Task brief
What you return must match the listing below line for line, minus its pictures.

____ Dataset content

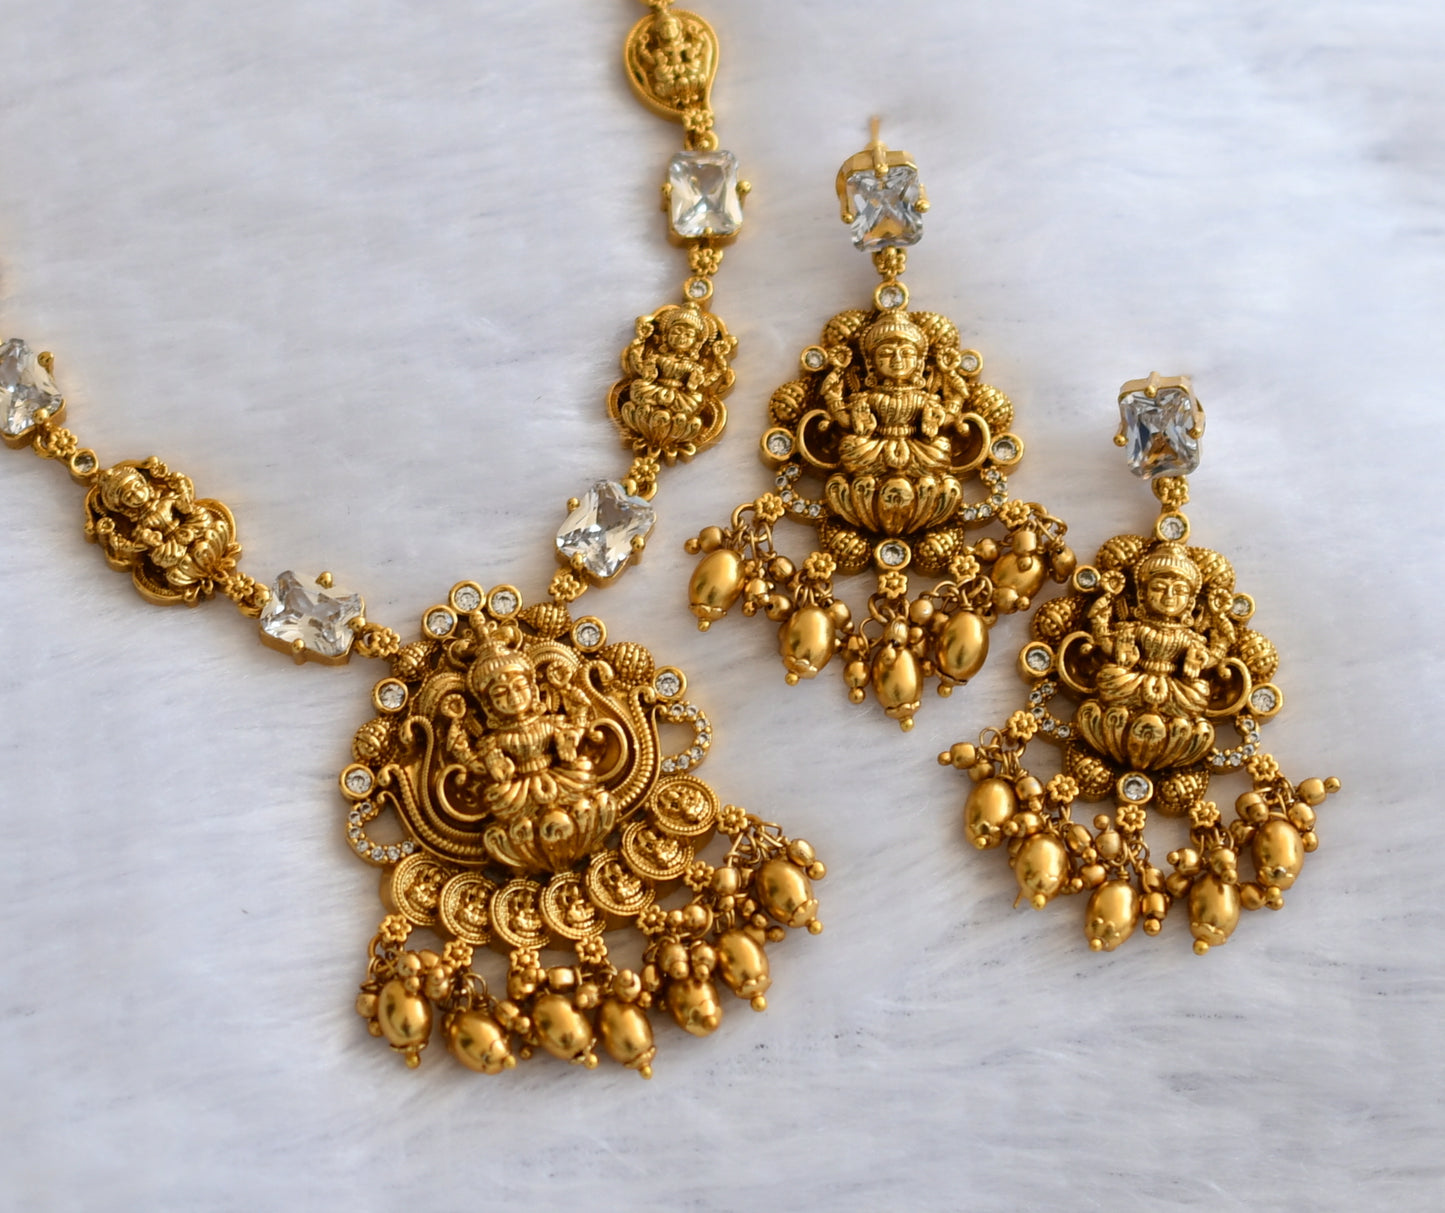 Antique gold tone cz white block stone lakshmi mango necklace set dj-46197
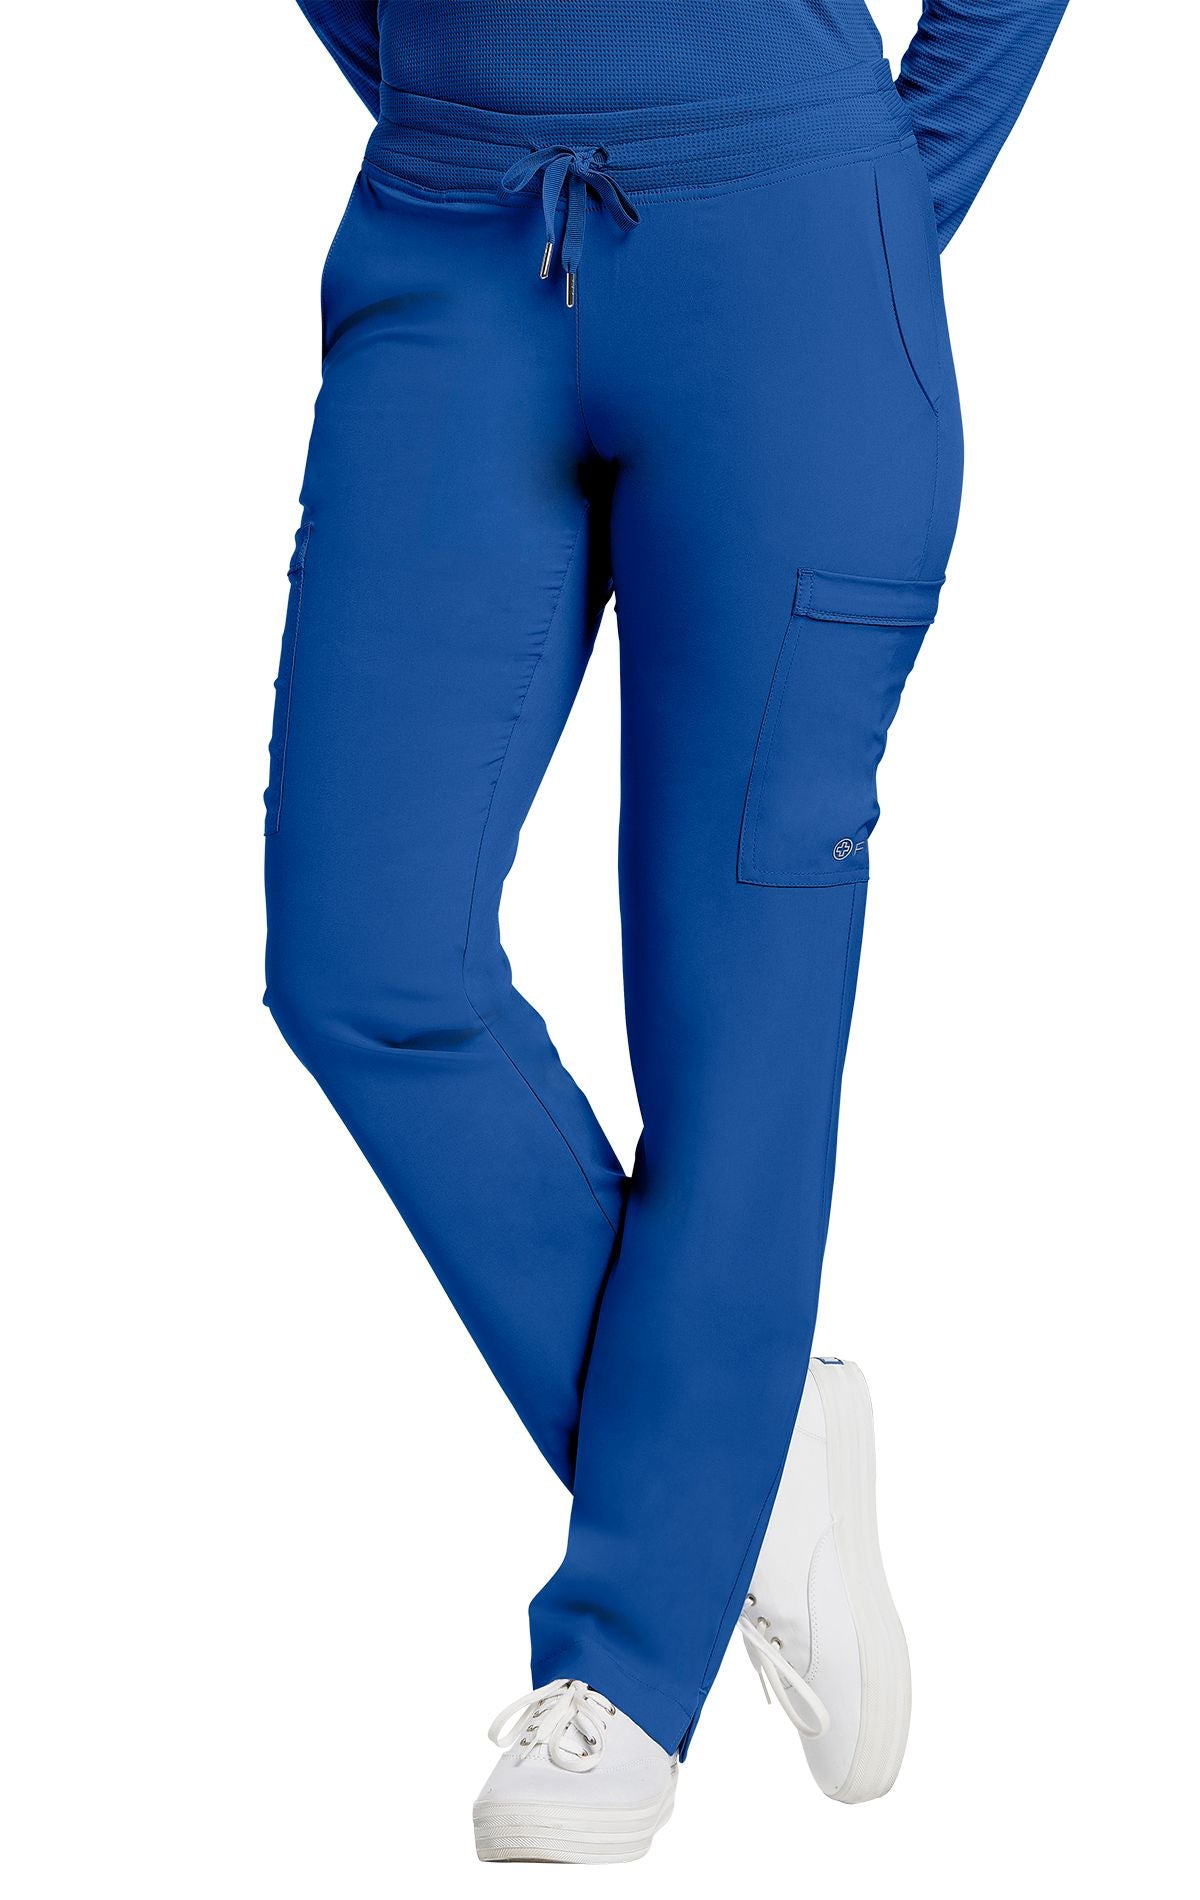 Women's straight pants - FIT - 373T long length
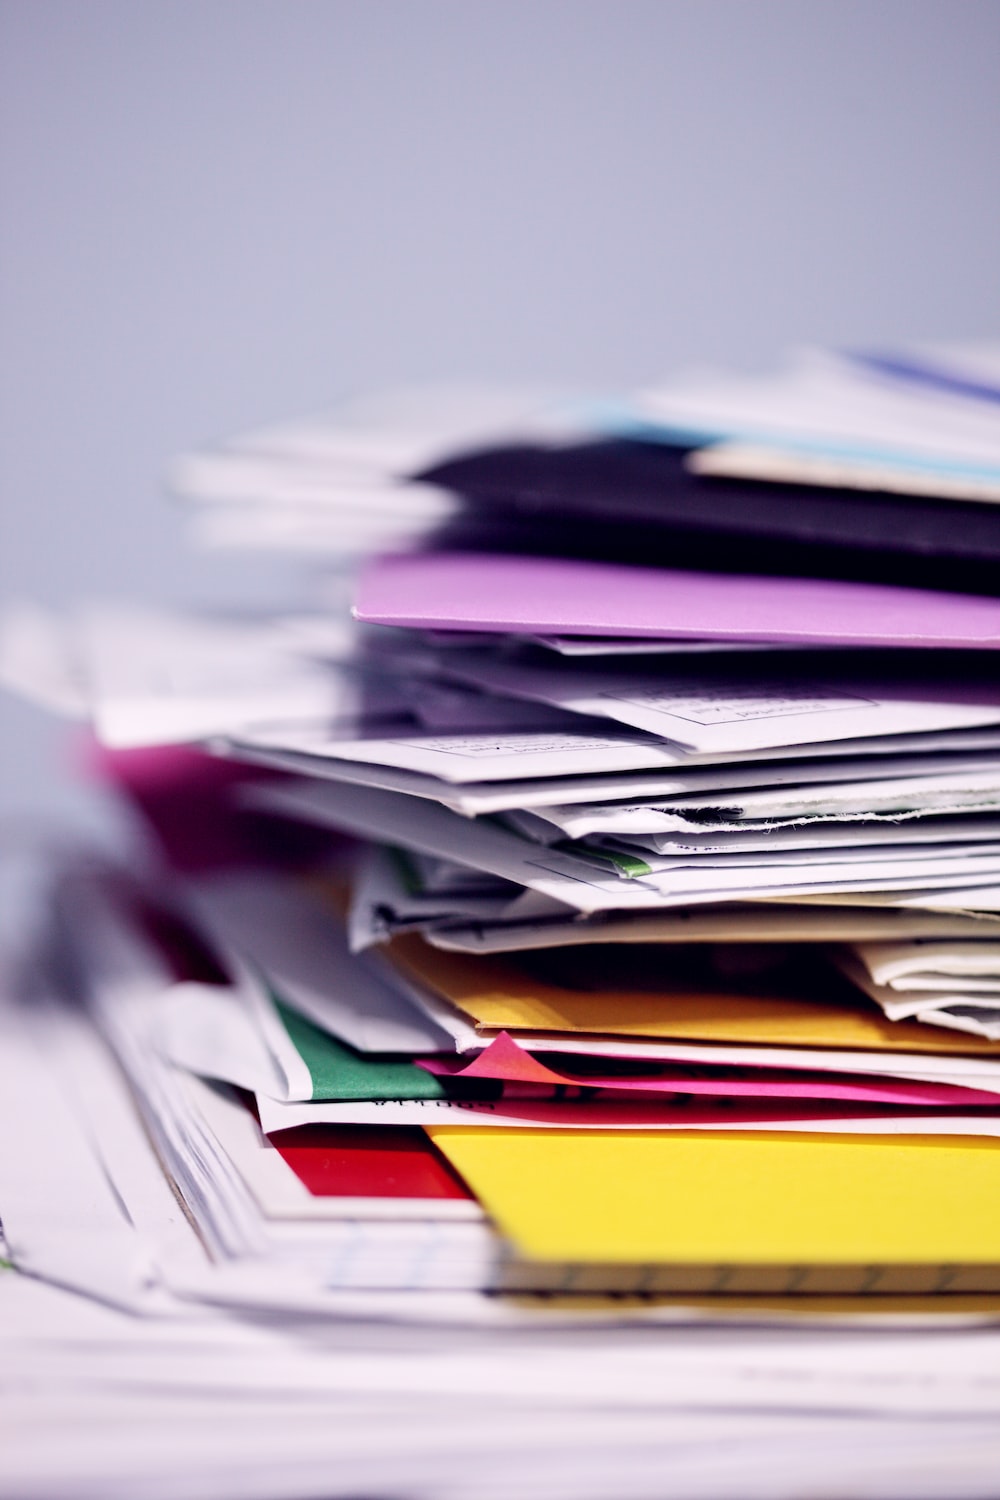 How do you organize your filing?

________

Task result
 Antique gold tone cz white block stone lakshmi mango necklace set dj-46197
 Women's straight pants - FIT - 373T long length
 How do you organize your filing?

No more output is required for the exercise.